ANGOLA
© Roberto Breschi
Sommario. L’Angola deriva il nome dal titolo (ngola) che competeva ai capi di un antico regno indigeno, del quale, verso la metà del XVI secolo, il Portogallo assunse in pratica il controllo. Vincendo anche la concorrenza olandese, i portoghesi si spinsero verso l’interno e verso sud, ampliando enormemente i loro domini e servendosi della popolazione come serbatoio di schiavi da inviare nelle piantagioni brasiliane. Nel 1935 l’Angola divenne una provincia d’oltremare. Verso il 1950 cominciarono a farsi sentire le istanze nazionalistiche che portarono all’indipendenza nel 1975. Anche in Angola sussiste uno stato endemico di guerra civile; un vasto territorio nel sud-est del paese è controllato dall’UNITA (União Nacional para a Independencia Total de Angola), in opposizione al regime di Luanda.

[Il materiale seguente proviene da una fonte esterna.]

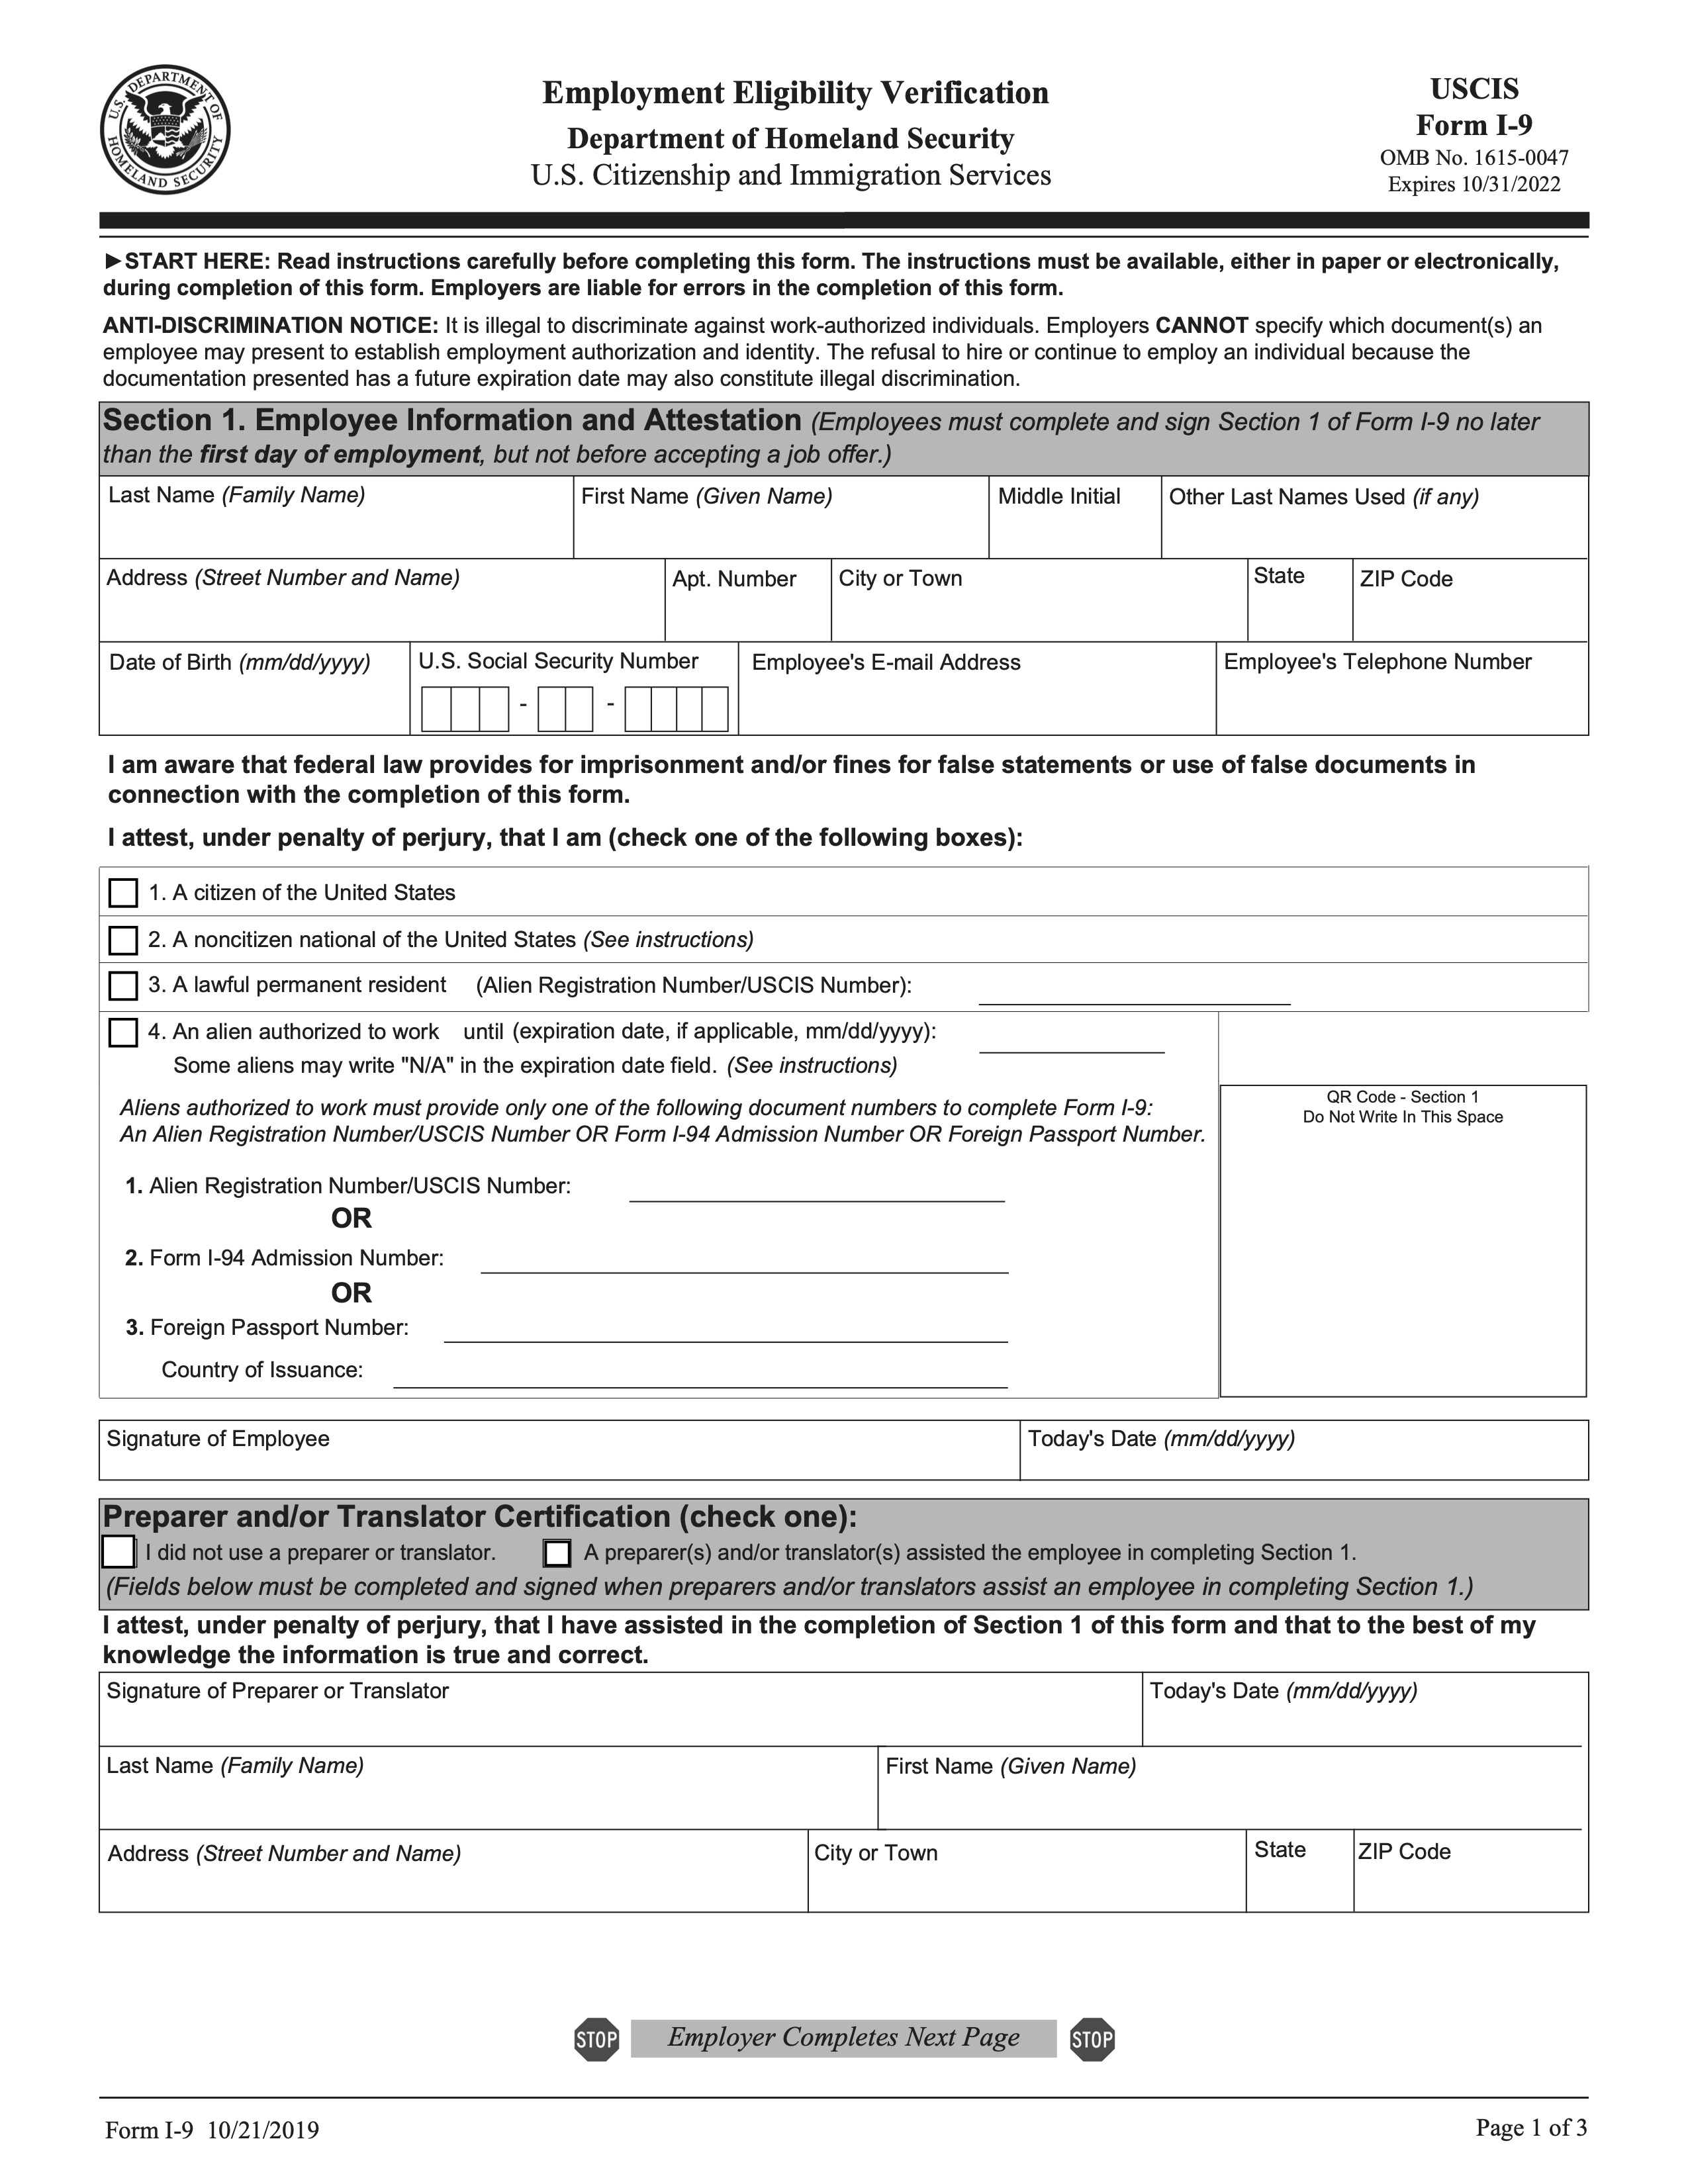 IRS I-9 Form

Repubblica di Angola, República de Angola, dal 1975



Bandiera valida per tutti gli impieghi adottata l’11 novembre 1975, giorno dell’indipendenza. Il bicolore rosso-nero, espressione del motto rivoluzionario “libertà o morte”, già usato dal movimento "26 luglio" a Cuba e dai sandinisti in Nicaragua, fu adottato nel 1965 anche dall’MPLA (Movimento Popular de Libertação de Angola): portava una grande stella gialla al centro. Da esso derivò direttamente la bandiera nazionale; il rosso assunse allora il significato del sangue versato per la libertà e il nero passò a rappresentare l’Africa. Furono aggiunti un machete e una ruota dentata incrociati, simboli delle attività agricole e industriali, a similitudine della falce e del martello sovietici.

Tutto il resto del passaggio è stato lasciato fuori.